They sprawled out on the grass. A foot grazed a breast as they flexed into downward dog—couples yoga style. Carla had suggested that morning that they go to the park and try something new. Al knew it was an attempted rekindling of any shrapnel that still existed in their failing relationship.
The concept of yoga was as foreign to her as his grandmother’s cooking. Twice, she swung her leg around and nailed Al in the chest. With a mixture of fear and a slight twinge of contempt on her face, she said, “It was an accident.” Quick to control his temper, Al opened his lips to say clumsybitch, then clasped them shut.
After an hour of gracelessly executed Vinyasa and several grass stains, Carla stood up and brushed her hands off on her nylon pants.
“I got a call from Mom and Dad today. Asked us if we wanted to come by this weekend for golf.”
Al laid down and another stain nestled its way into the small of his back. Seconds passed.
Carla said, “Did you hear me?” Al sat up and rubbed his eyes. Carla’s mother was a lush, an incessant bore who spoke of white wine, interior design, and not much else. Her father, on the other hand, was a shell of a man, subdued by years and years of talk about: Maybe we should switch out the countertops because beige marble is so last season. Don’t you think, sweetheart?
“You never came to see Melissa last week,” Al said. Carla plopped down next to him and twirled a piece of grass between her thumb and her forefinger.

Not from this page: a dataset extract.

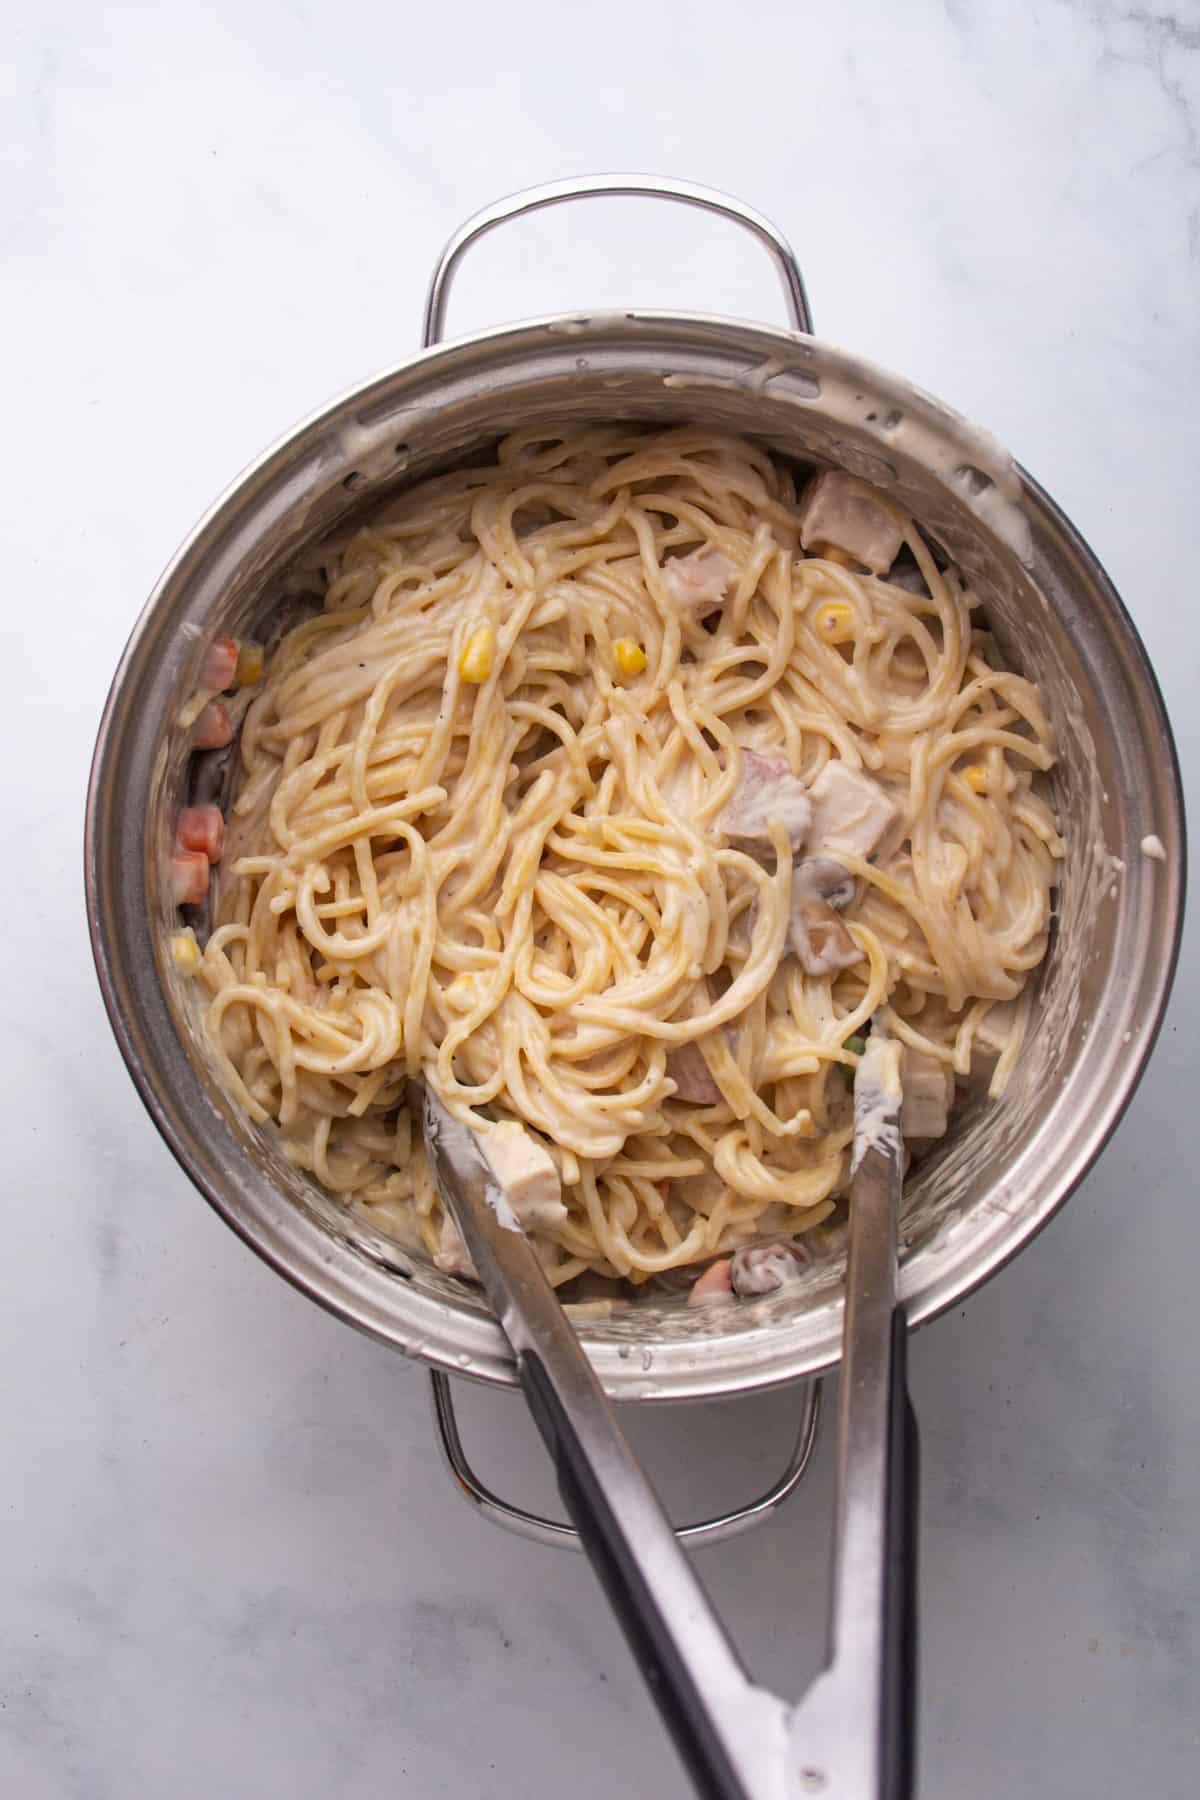 pasta mixed with Turkey Tetrazzini Recipe sauce

“Melissa doesn’t like me,” she said. Melissa was Al’s daughter, and Carla was right. She sighed a sigh so deep and long that her lungs became neverending, as big as the black pig lungs that they showed Al in 3rd grade to deter him from smoking those nasty cigarettes.
He popped an American Spirit in his mouth and flicked his Zippo while Carla packed up her water bottle. She put on her shoes. She looked at Al, then looked away. Al stayed in the grass and thought about how he’d rather be anywhere but here.